Получив корону, он первым делом начал искать возможность увеличить родовые земли. При всей пассивности князек, ставший по воле английских политических кругов королем, в этом вопросе проявил ослиное упрямство. Его не волновали ни война с Францией и Испанией, ни нехватка судов для блокирования шведских портов на Балтийском море. Георг в свои 54 года был на редкость недальновидным и глупым правителем, что демонстрировал едва ли не каждый день собственным придворным. Его кукольные германские «имперские» владения были для него всем, но для Англии они оставались клочком земли, убыточным к тому же.
И все же, как бы не был ничтожен монарх, ему удалось продавить идею. Поэтому блажь короля, в конечном счете, была удовлетворена, но опять же исключительно для того, чтобы сколотить коалицию против набирающей мощь России.

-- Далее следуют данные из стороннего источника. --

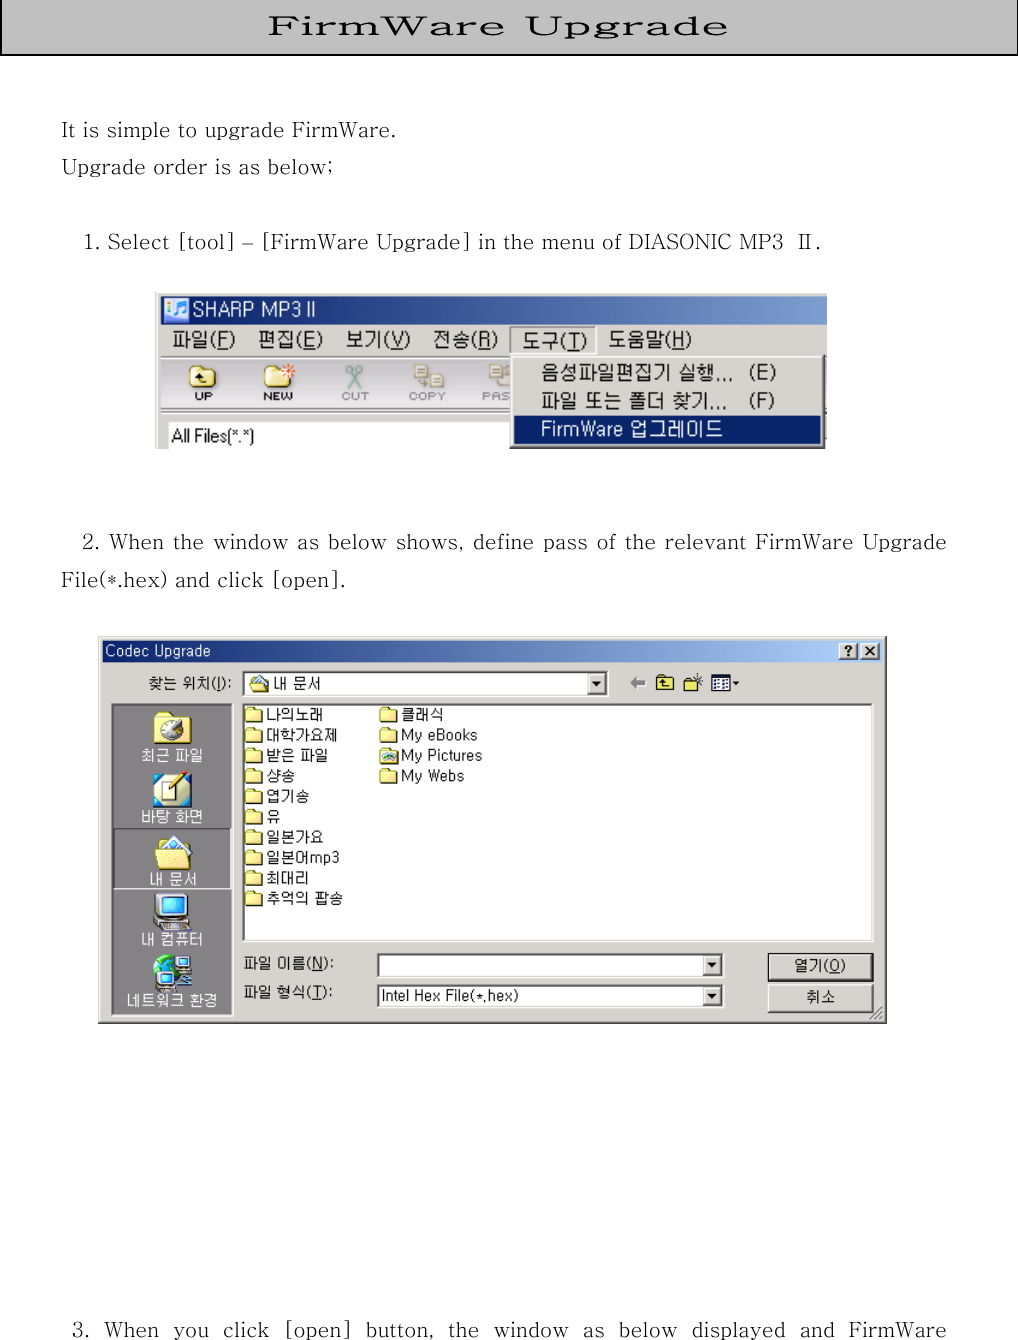    It is simple to upgrade FirmWare. Upgrade order is as below;      1. Select [tool] – [FirmWare Upgrade] in the menu of DIASONIC MP3  Ⅱ.        2. When the window as below shows, define pass of the relevant FirmWare Upgrade File(*.hex) and click [open].                      3.  When  you  click  [open]  button,  the  window  as  below  displayed and FirmWare FirmWare Upgrade

Между тем австриец – полковник Альбрехт Клюнийский, верный сторонник принца Евгения – почти не разговаривал и открывал рот, только если его напрямую о чем-то спрашивали. Саксонец же – фаворит Августа Сильного, герцог Мориц Вильгельм Заксен Цайц – старался участвовать в обсуждении любой мелочи. Однако сейчас он молчал, следуя примеру полковника. Тема, выбранная датчанином, оказалась настолько скользкая, что в открытую обвинять барона во лжи герцог не решился. Хотя случаи несоблюдения договора и открытого предательства со стороны Туманного Альбиона уже были и не единожды.

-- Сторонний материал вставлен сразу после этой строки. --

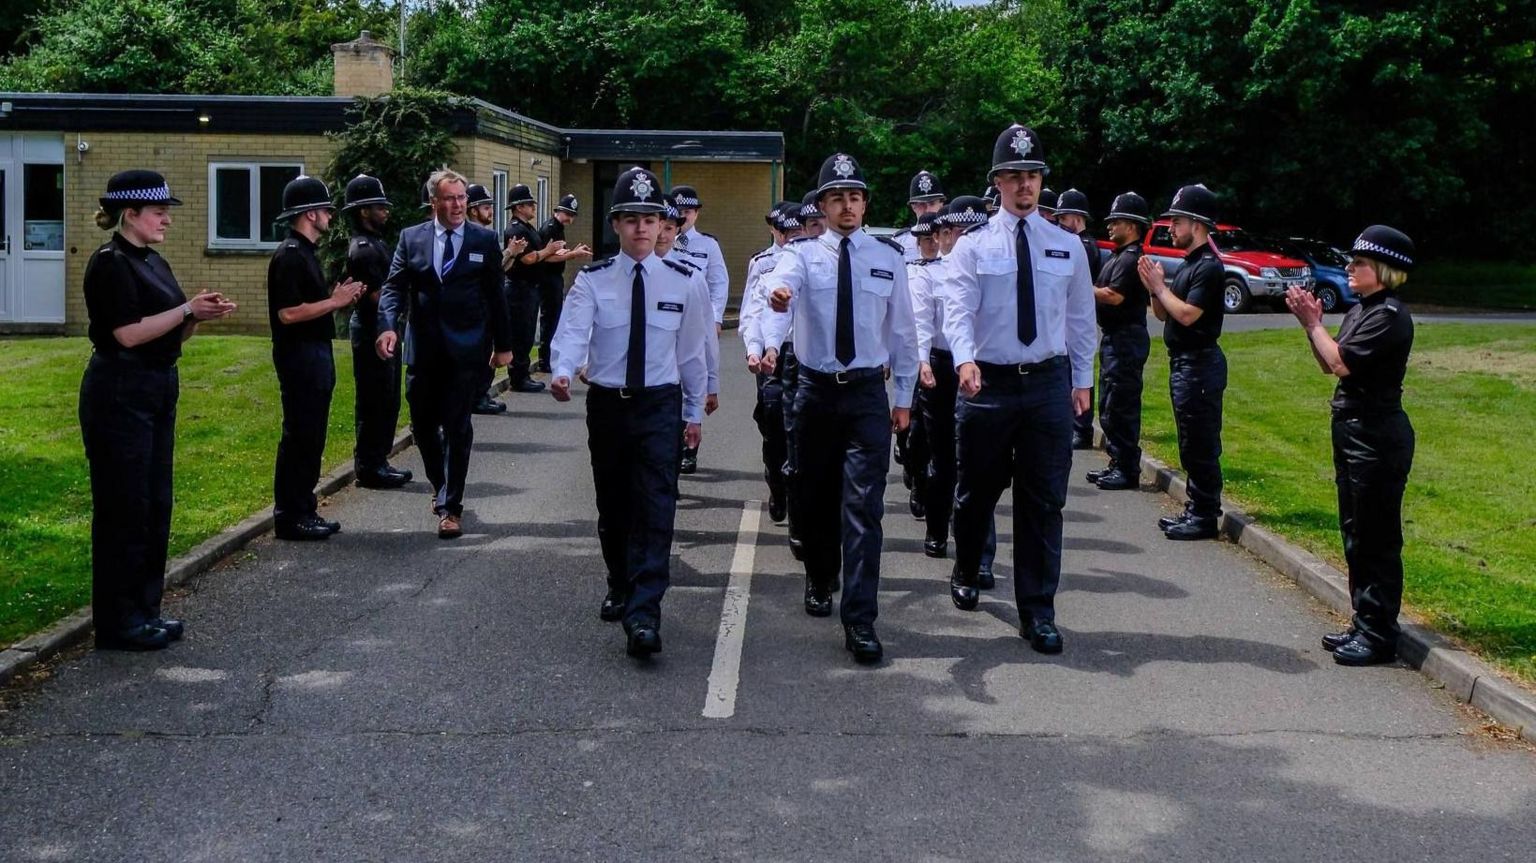 Police recruits being clapped by Cambridgeshire Police officers

– А что скажут нам будущие союзники? – перевел разговор в новое русло барон, не замечая, как датчанин прячет победную ухмылку за хрустальным бокалом сухого белого вина.

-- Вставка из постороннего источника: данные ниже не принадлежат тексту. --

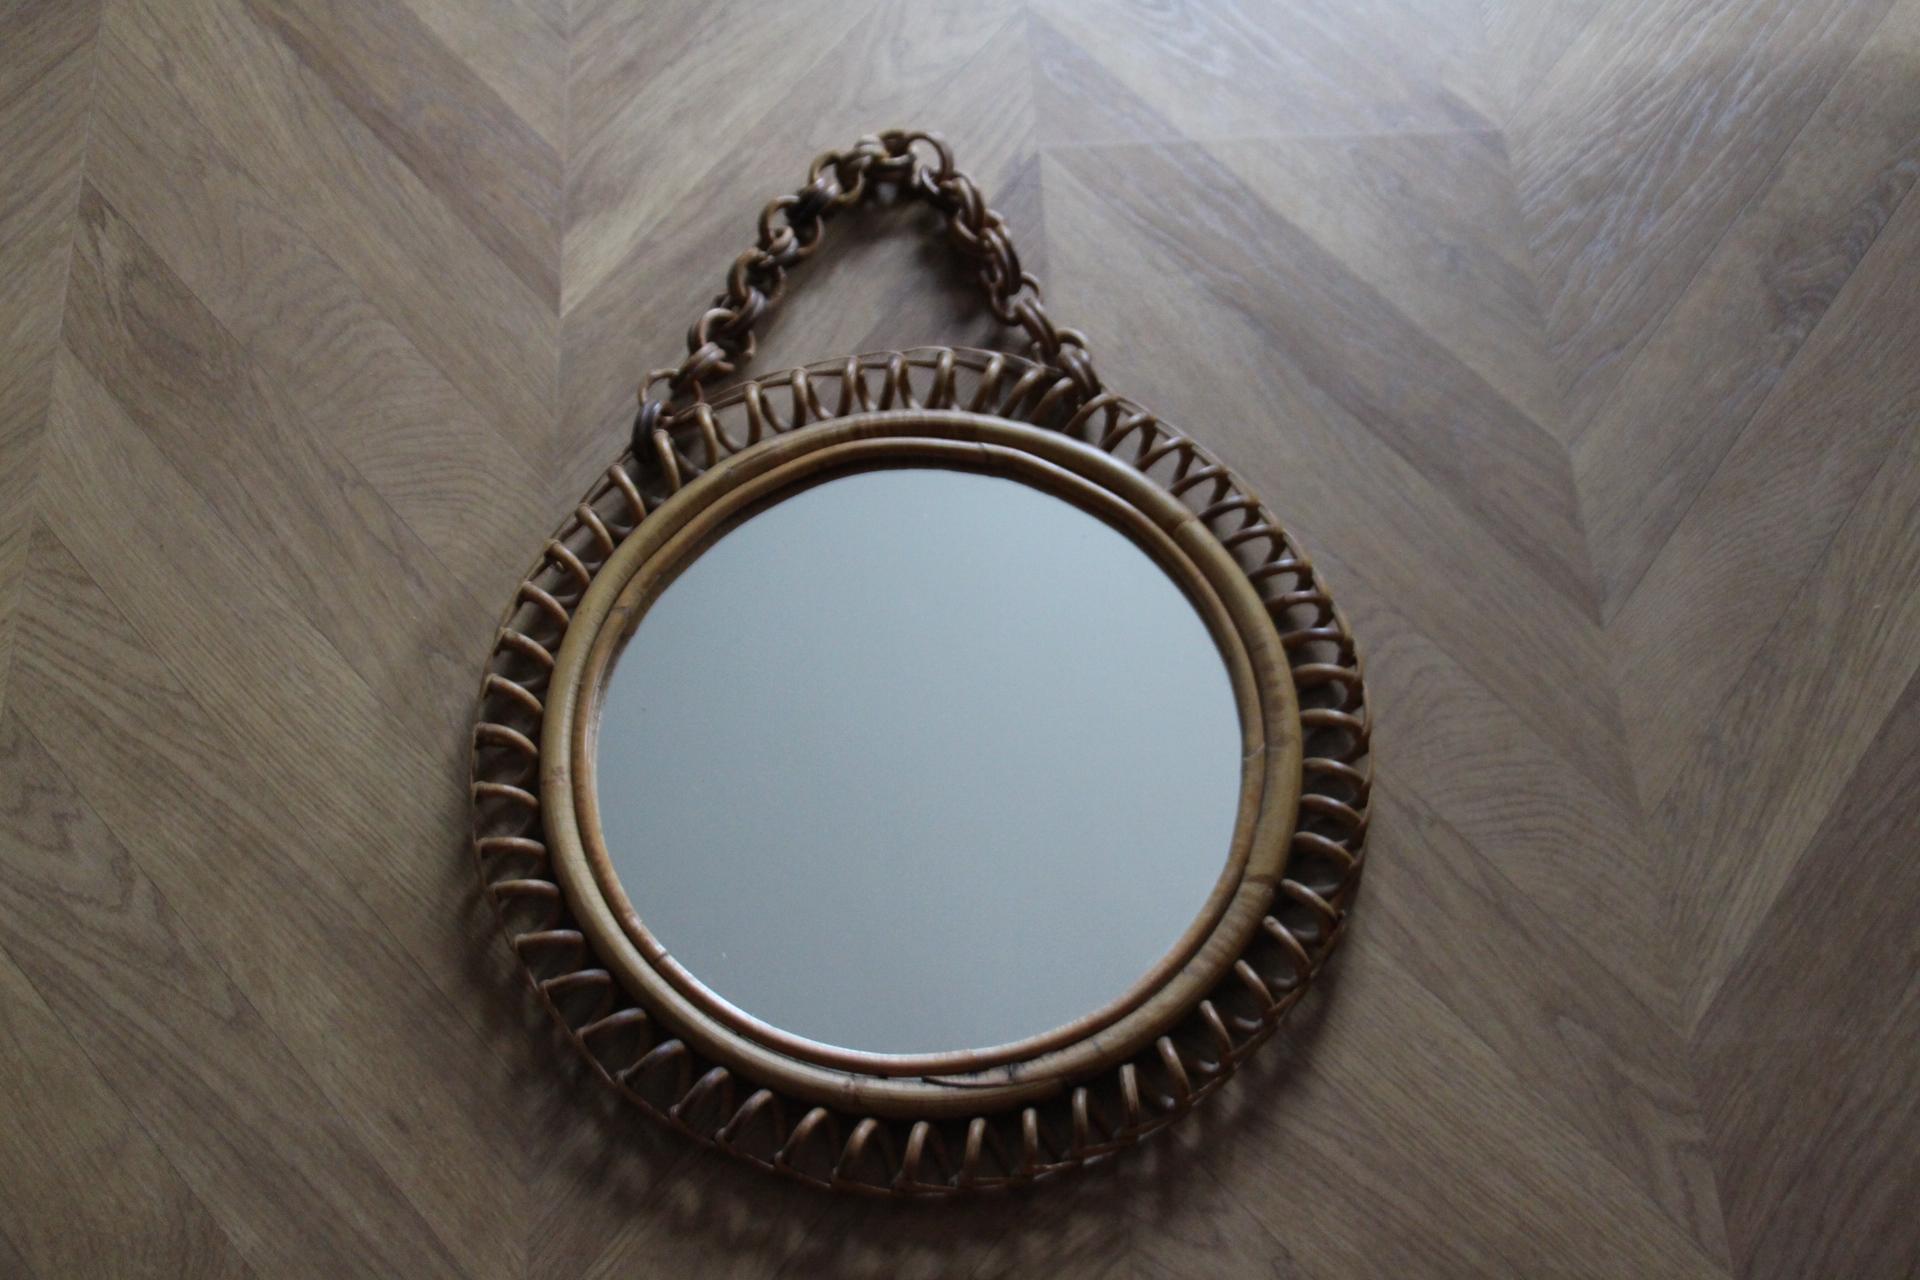 This very decorative mirror was made in Italy in 1960s. It is typical of this period design and is all original. It was handcrafted and is in perfect condition. It has got a beautiful round shape. It comes with its original matching rattan hanging

– Центральная часть царства нам недоступна, однако украиные земли могут помочь, есть немало недовольных новыми порядками…
– Куда уж без них, – вдруг засмеялся Альбрехт Клюнийский, перебивая саксонца. – А спорим, дорогой герцог, что я даже знаю, о ком идет речь?
– Отчего же? Мне было бы интересно узнать, – пожал плечами фаворит Августа.
– О запорожцах да о левобережных казаках, они всегда недовольны, кто бы там не правил: поляки или русские. Натура у людей такая.
– Хоть речь идет об украинных землях России, но разговор сейчас не о рядовых казаках, а о персонах, стоящих наверху их иерархической лестницы, – победно усмехнулся герцог. Мол, сиди и молчи, солдафон, раз уж интеллектом не блещешь, а о буйном нраве казачества не знает разве что дикарь в Африке.
Правда про себя саксонец добавил, что не все казаки были готовы предать царя, многие гнали взашей распространителей прокламаций запорожцев, впервые за долгие годы раздолья и разбойничьей вольницы почувствовавших на собственной шее крепость законов царства. С присоединением Запорожья к России прекратились набеги на кочевников и поляков.
Огромное разбойное логовище не желало мириться с новыми порядками. Часть казачества открыто бунтовала, не желая давать новую присягу царю, тем более что командиры с принятием оной приравнивались к дворянам-великороссам, простые казаки оставались свободными и независимыми служивыми людьми, не платящими податей и прямых налогов в обмен на привычную и нужную казачью службу.
– Ну, так кто же решился предать царя? – нетерпеливо спросил граф Кальмаре.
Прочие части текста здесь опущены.